* [AIM OF THE TASK] Repeat exactly the lines beginning at the one that contains "Dan Mask - Tribal art" and running to the end of the material. Omit the pictures.

* [SOURCE MATERIAL]
-.-.-

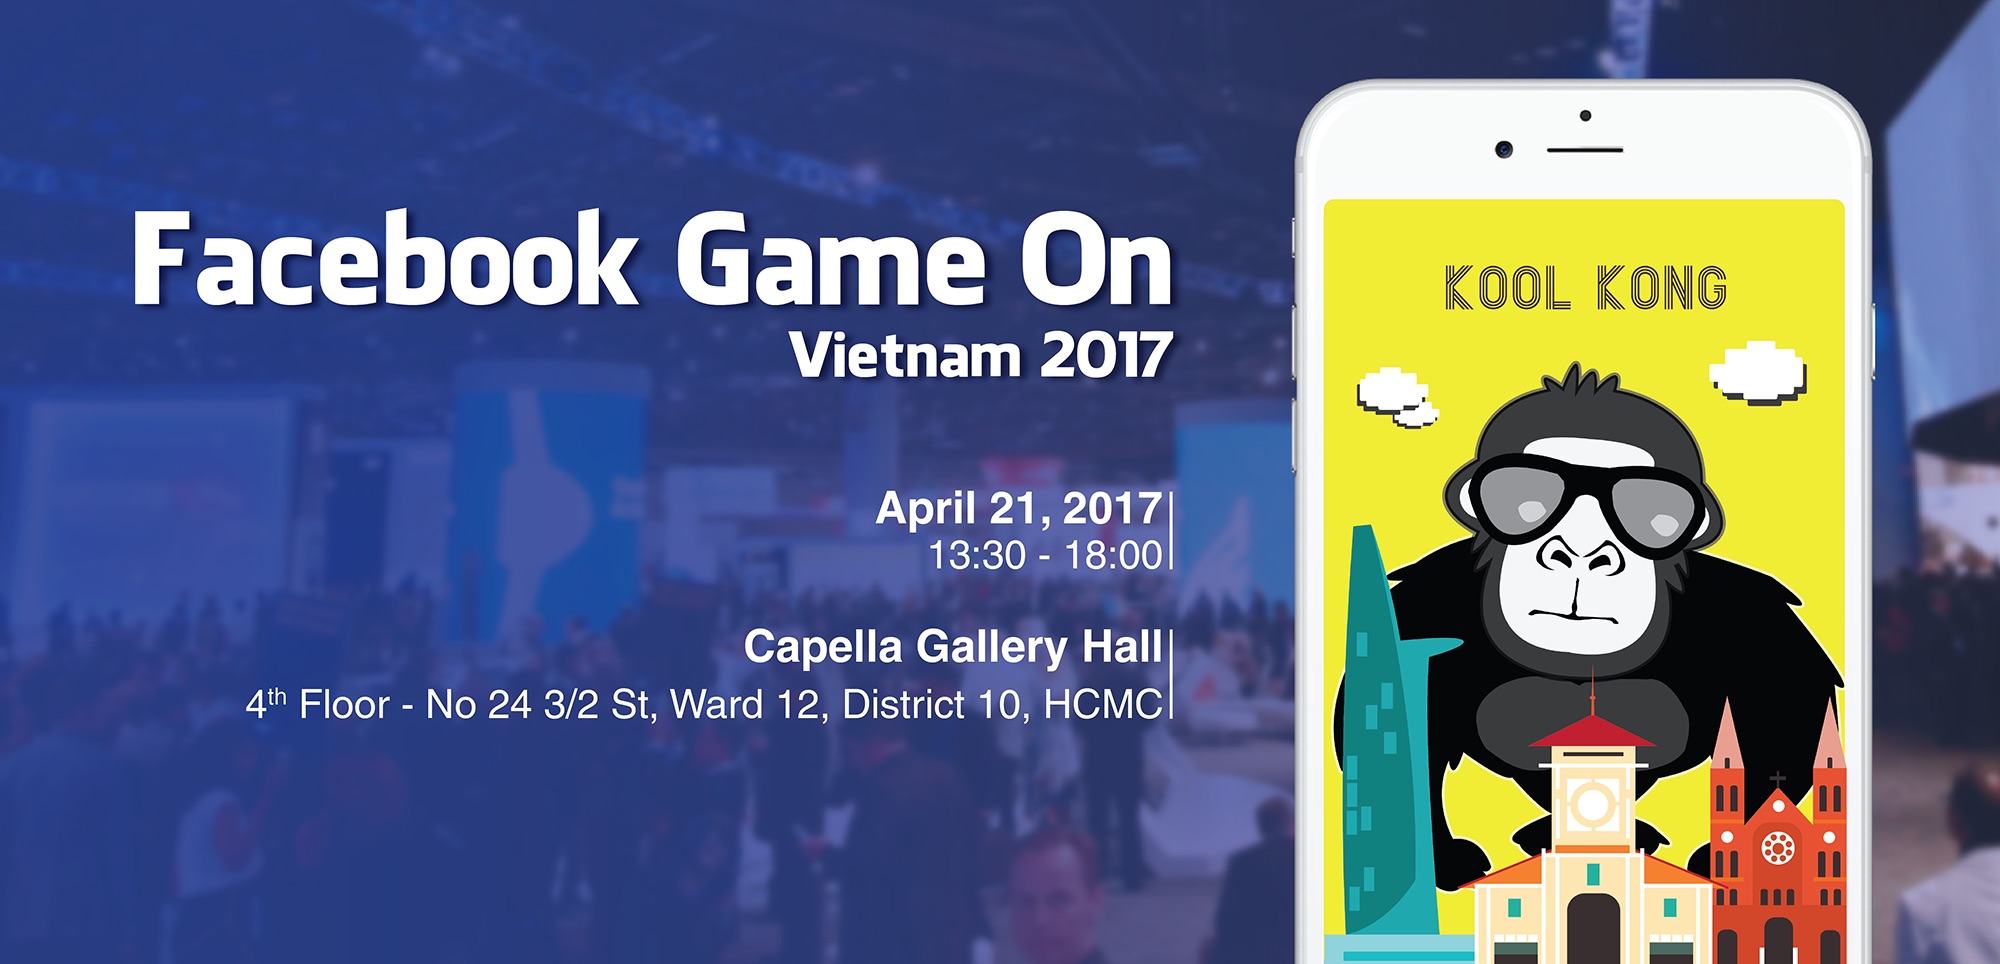 Facebook Game On Vietnam 2017
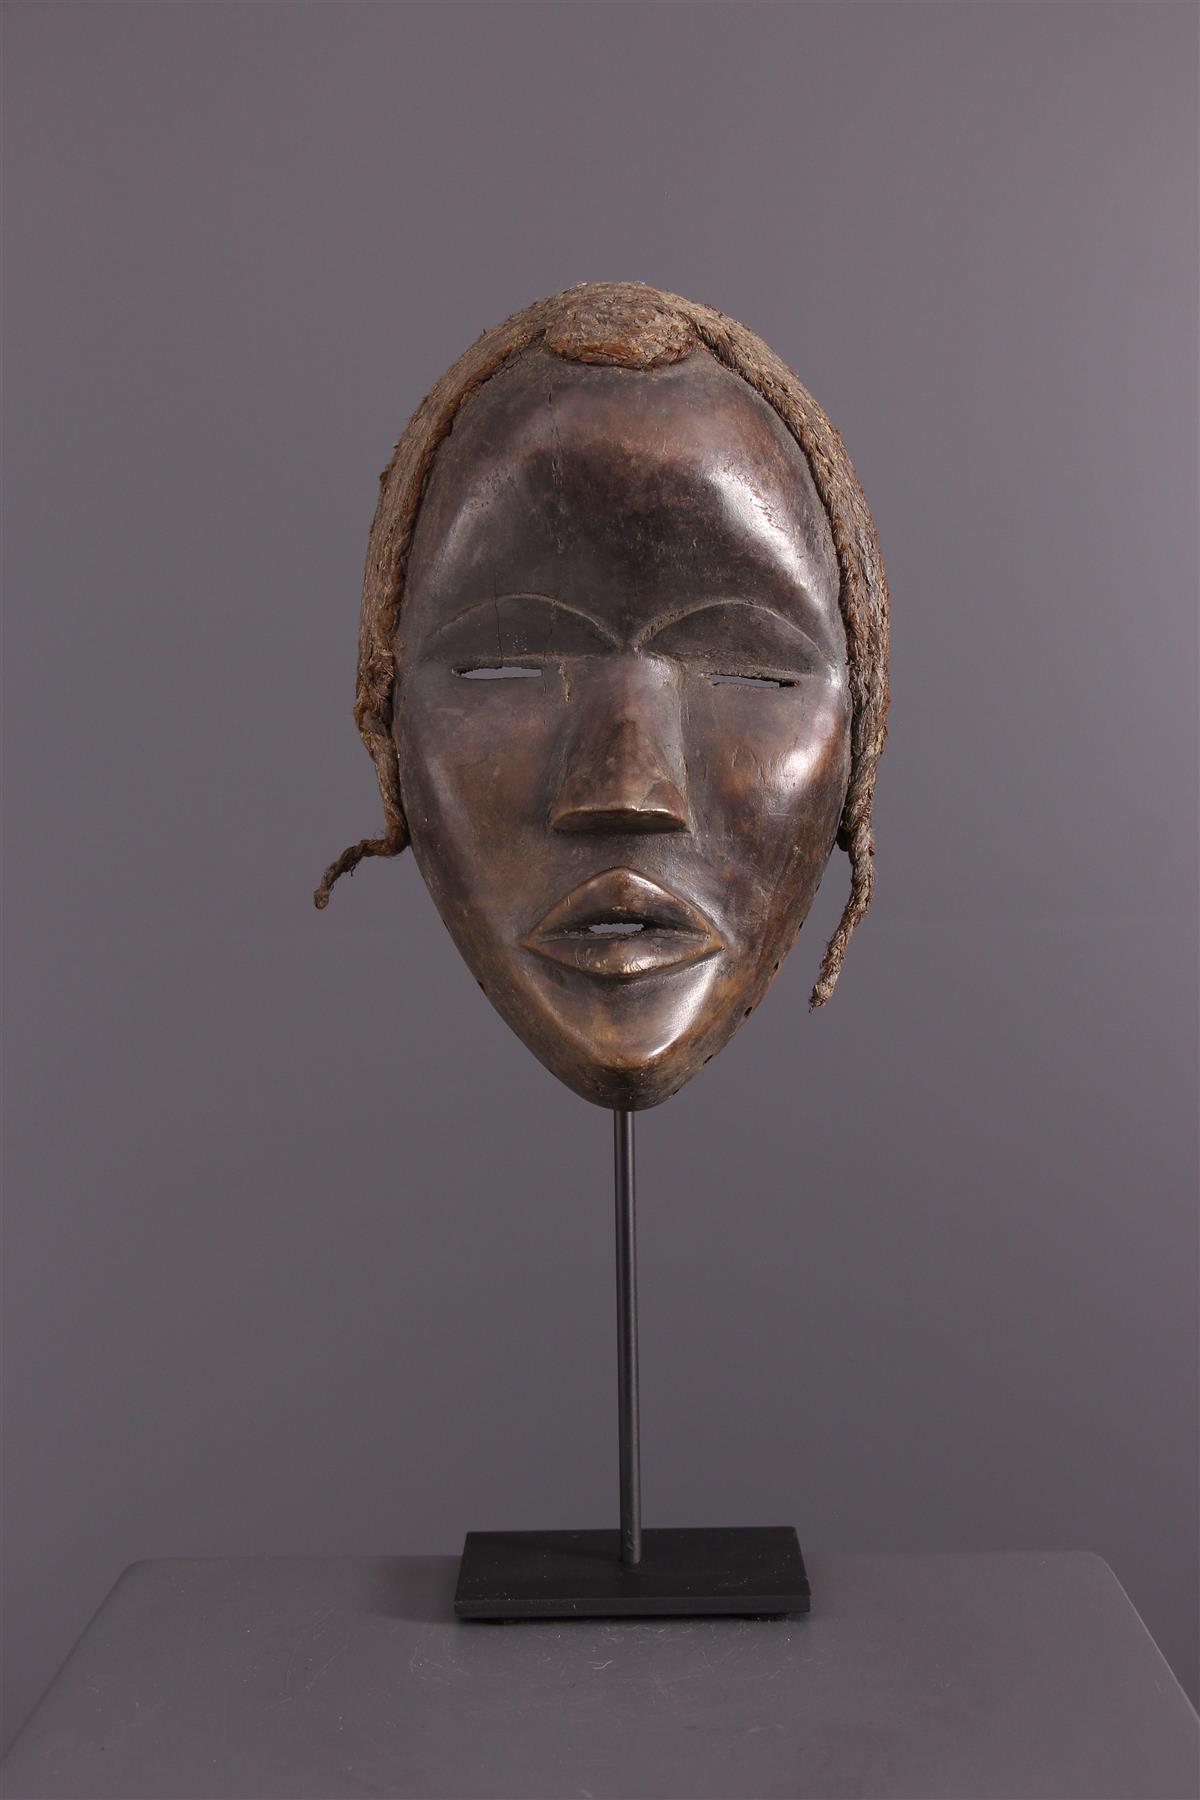 Dan Mask - Tribal art
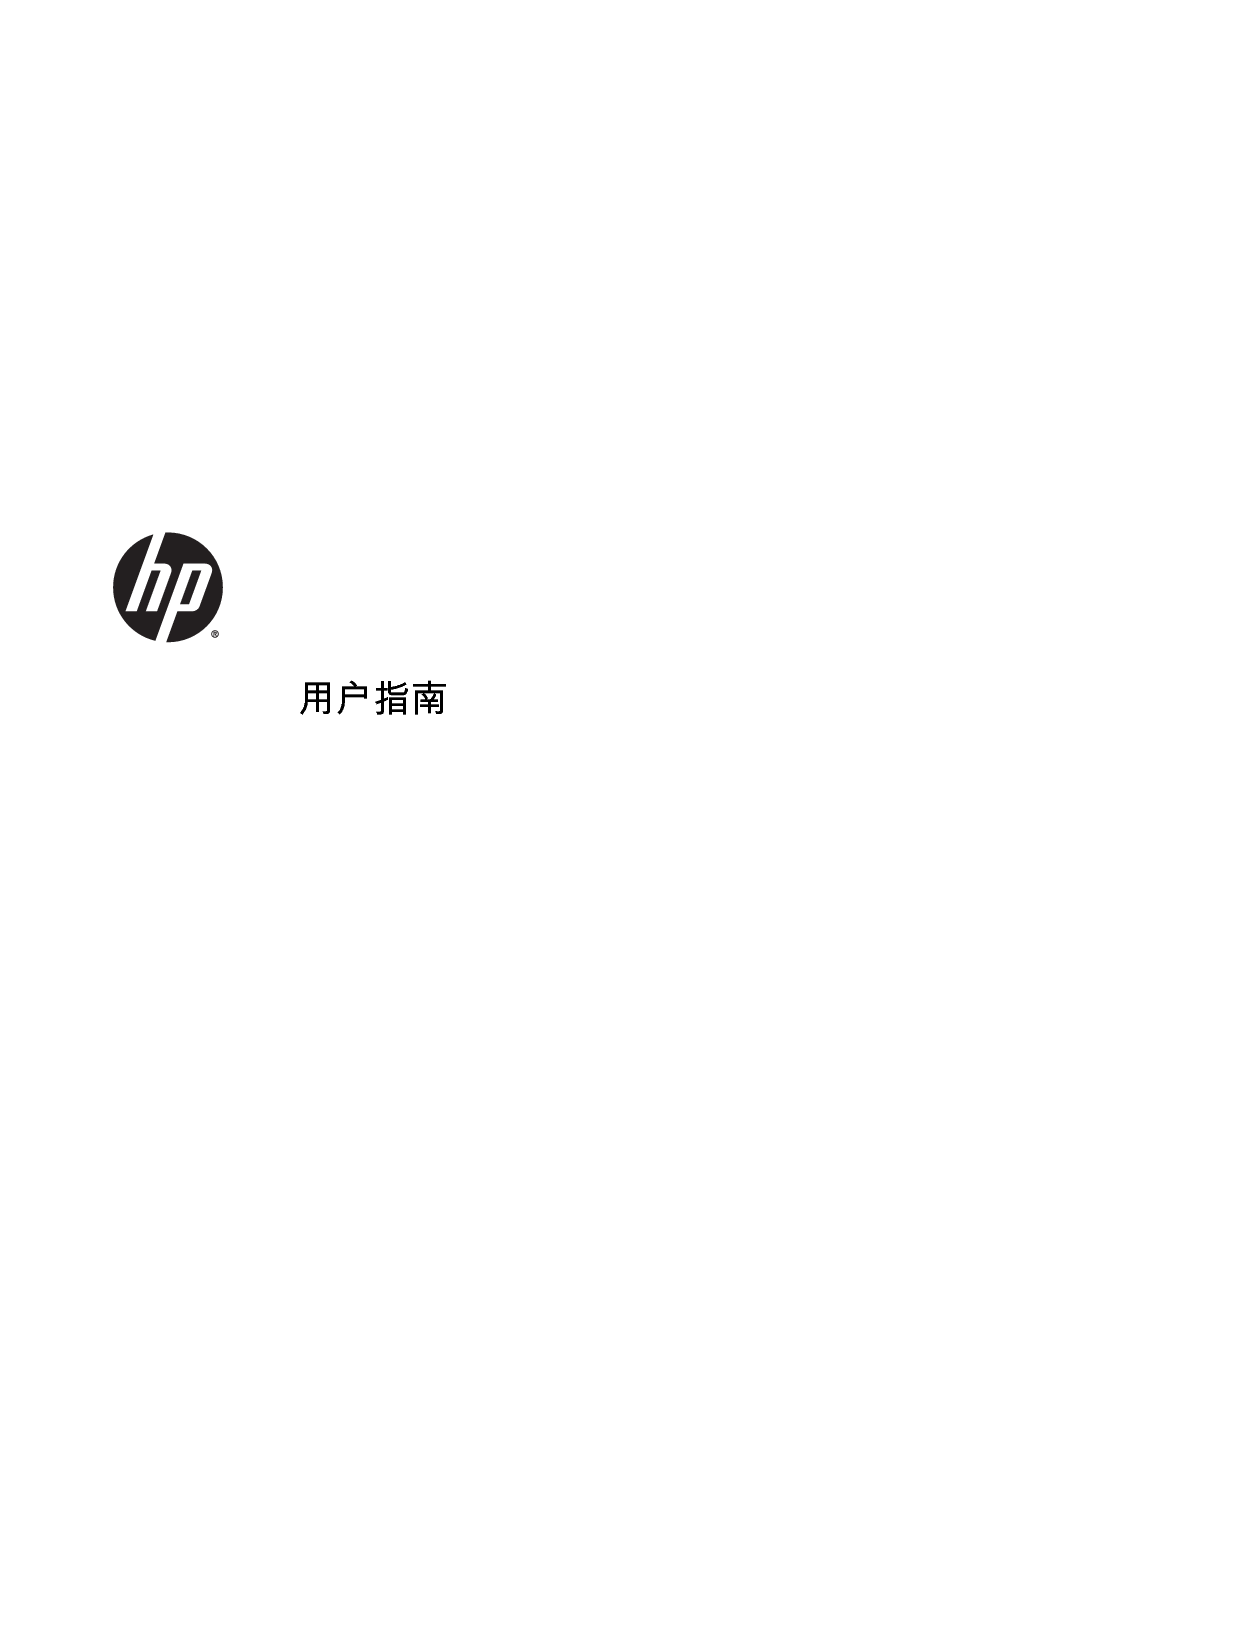 惠普 HP EliteBook Folio 1040 G1 Windows 7 用户指南 封面

-.-.-

* [EXERCISE ANSWER]
 Dan Mask - Tribal art
 惠普 HP EliteBook Folio 1040 G1 Windows 7 用户指南 封面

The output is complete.